-------- Provided material

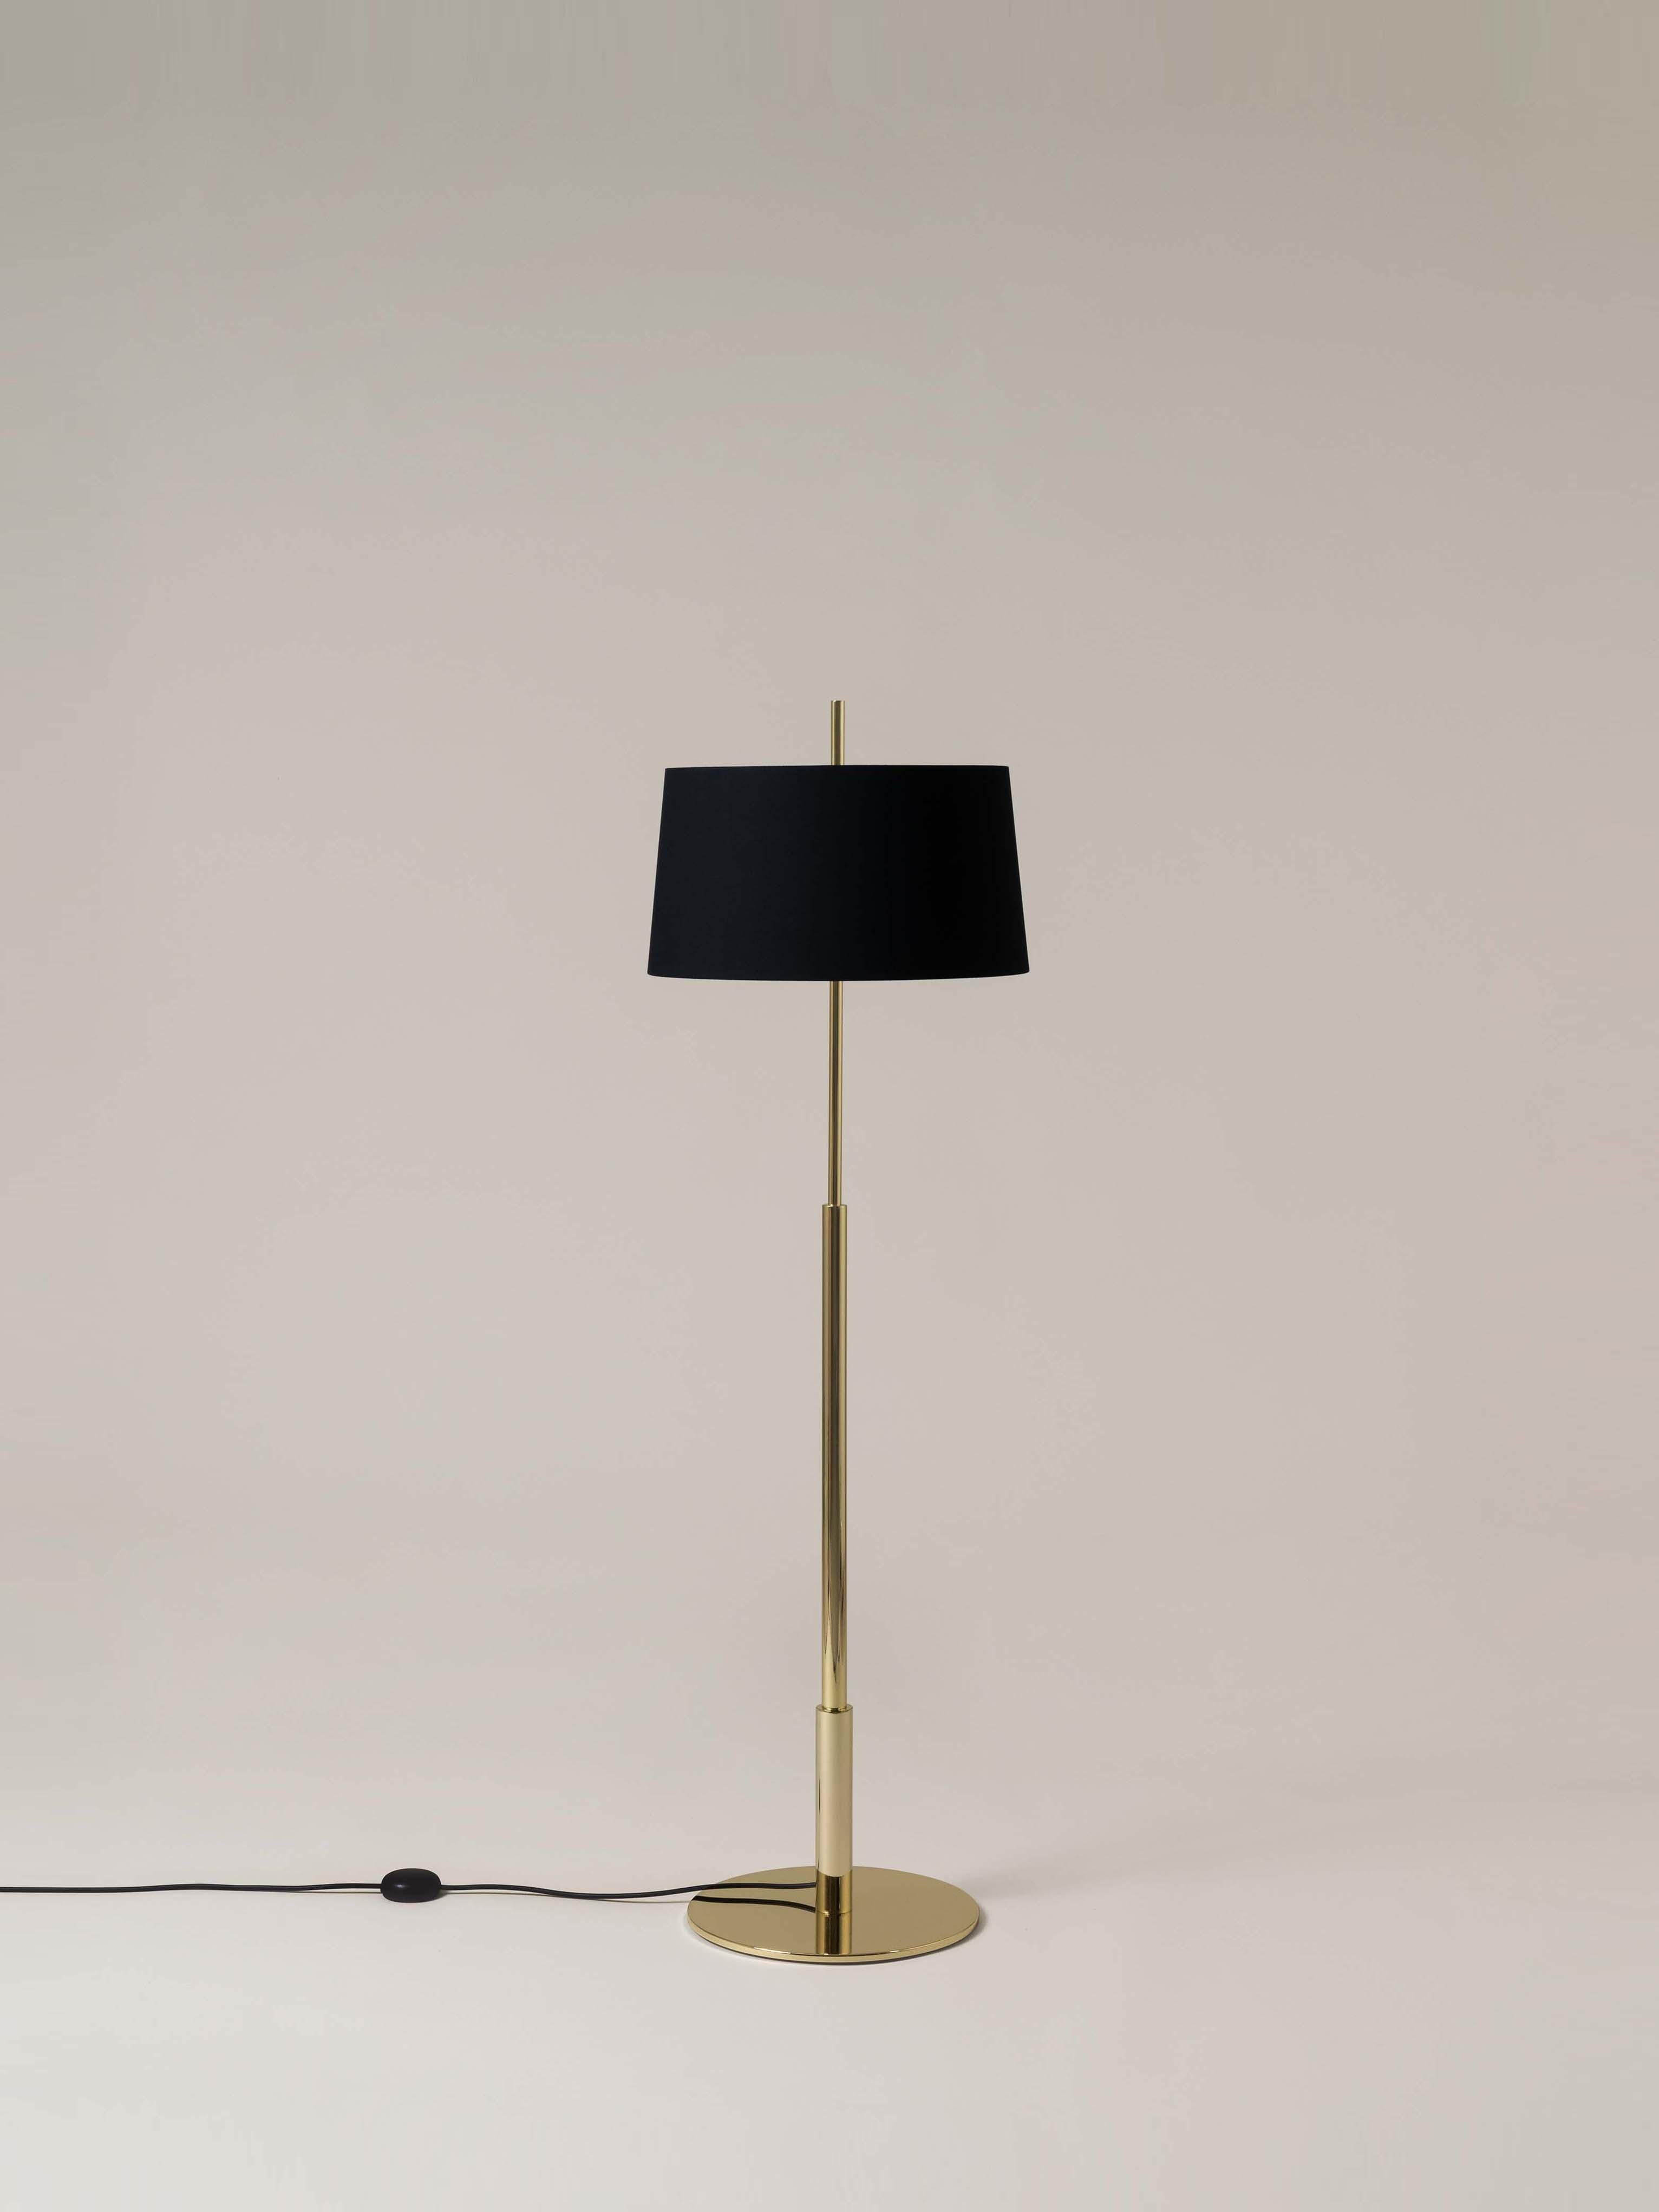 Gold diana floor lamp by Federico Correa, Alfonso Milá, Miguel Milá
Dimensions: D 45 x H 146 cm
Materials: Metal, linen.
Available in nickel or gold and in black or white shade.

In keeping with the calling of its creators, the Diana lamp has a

----------------

What you have to do:
In the answer, please give only the lines from the line containing "Available in nickel" through the final line of the data, copied exactly.

Task response:
Available in nickel or gold and in black or white shade.

In keeping with the calling of its creators, the Diana lamp has a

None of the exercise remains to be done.